Featured Non-fiction Winter Nostalgia

Camping in December

Iryna Muller

In the tent in the morning everything is orange, the sun is not yet above the horizon, light filtered through in the very same shade as the streetlights once were, their brightness doubled by the hardpacked snow, the room at the front of the house always bright enough to read through the night. A raven calls somewhere in the valley, but it fades as if it too isn’t ready for the morning. Years later, I would go home and find that the memory of those years seeped in only faintly – until I heard a screech of a blue jay, and then it came all at once. In the morning, I would read silently as smaller birds took turns in the bare birch tree outside the window, the vivid orange night fading to pale blue morning. Ever since, I’ve never failed to sleep for too much light. The raven calls again, this time from close, and I hear it land on a branch above the tent, a mother at the door and I’m up.

Most children might burst from the bed and through the door like penned animals escaping, but in December the sleeping bag in a tent holds tight. In the years in between, there were always days where a bedroom’s blanket lay even heavier, the morning slipping away. There, at least, is something I’ve learned: the opening of the door, seized unthinkingly, is natural – energizing. I stick an arm out and reveal the trees and the air which floats in thick. Nothing in sight glows gold yet, except the blue of the sky straight above. I wait a long while, wrestling with expectation, not wanting to spoil the surprise. 
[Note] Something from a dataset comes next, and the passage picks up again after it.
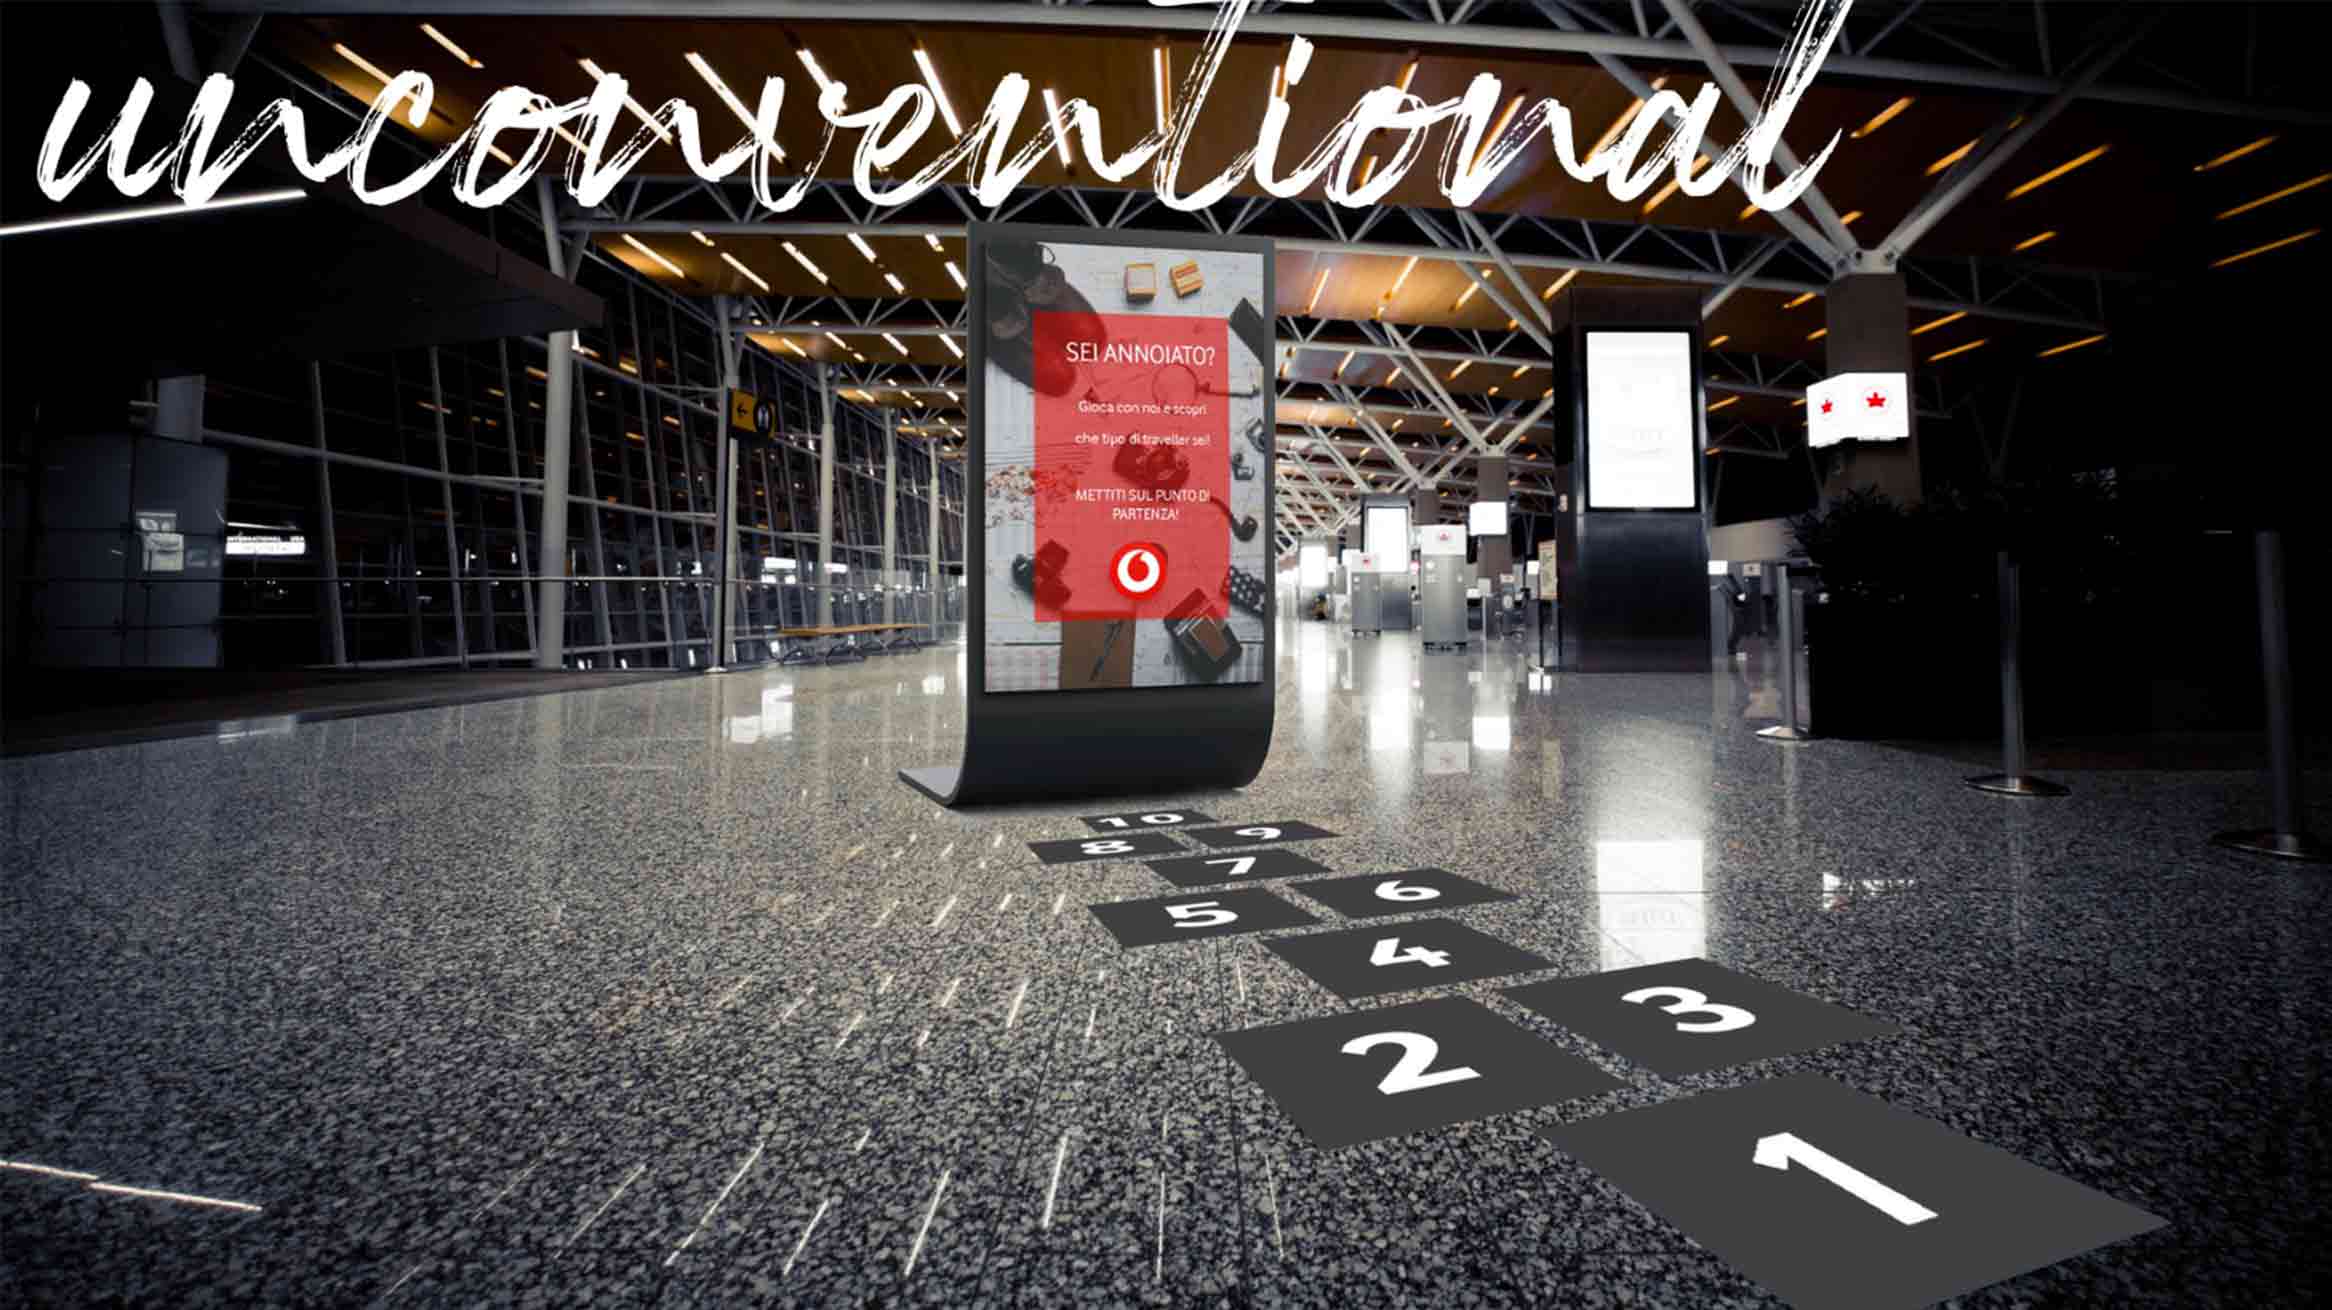 Vodafone Travel Fuel, unconventional airport

The zipper of the sleeping bag is the keystone, the courage finally congregating and ripping it out: the beginning to a rockslide to be ridden through the day. In one motion rising, tripping, pulling on a boot and then another, standing and stretching then stumbling just far enough. Once, I had lain there waiting for everyone else to awake. I wish now I was the sort of person to rise early enough to watch the light of the landscape appear, the blue most beautiful then.

I turn and look to the tent where the inner moisture has crystallized, every rustling sending a snowfall down onto the bag, the headlamp, the half-eaten chocolate, the copy of Catcher In The Rye, read on this night every year. The raven appears motherly again, screeching for a breakfast that must be prepared before anything else. As I scurry around the pot, packing things hastily like gift wrap into a garbage bag, she watches contentedly.

Was there ever a reason to go for a walk in the winter then, between the practices and games and evenings spent at the outdoor rink until the old man who ran it shut the lights off? At eighteen, every mountain I’d ever seen had been in a movie or magazine. Now, one stands above me, hiding all the sun and the warmth. The slope turns left and I zig-zag across it, the repetition and the groaning in my legs like a bag skate at the annual practice on the morning of December 23rd. Toes clench the soles of my boots. They were frostbitten once trudging through the snow to break into a closed rink on Christmas day and never healed. My head sweats and I put my hat in my pocket. Mom laughs and asks, how could a boy ever get a shirt this sweaty in minus twenty-five? The energy it takes to climb a mountain or play a game of hockey. 

Converging with the day’s warmth, both the sun and I head upwards, the light lagging behind and crossing the valley below. On the prairies, the sun rises down and sets upwards, the light creeping over the buildings and the trees. They let children out of school early enough for an hour’s light in the winter. We would wander home loosely, the sun already hidden by the horizon that sits in the city always too close. The crows would gather overhead, heading to roost.

After an hour the summit of the mountain appears beyond the ridge. At first I let out the tiniest pronouncement under my breath. After a few steps, another. With each metre climbed my voice grows louder, fuller. By the time I come onto the flat top of the col I’m yelling like a kid on Christmas morning. To the west is the flat of the ocean in the furthest distance, prairie folk always drawn there. To the east, a thousand miles of valleys: claustrophobic between me and the plains, a child stuck in the house on a beautiful day. At the top of the mountain, my phone cuts in and starts to ring. I was just about to call you mom. 

We talk until my frozen hands can no longer hold on, the same reason we would finally give up on shiny at the rink. I put it down and walked onwards until it was time to sleep. In the winter, alone, that’s all there is to do.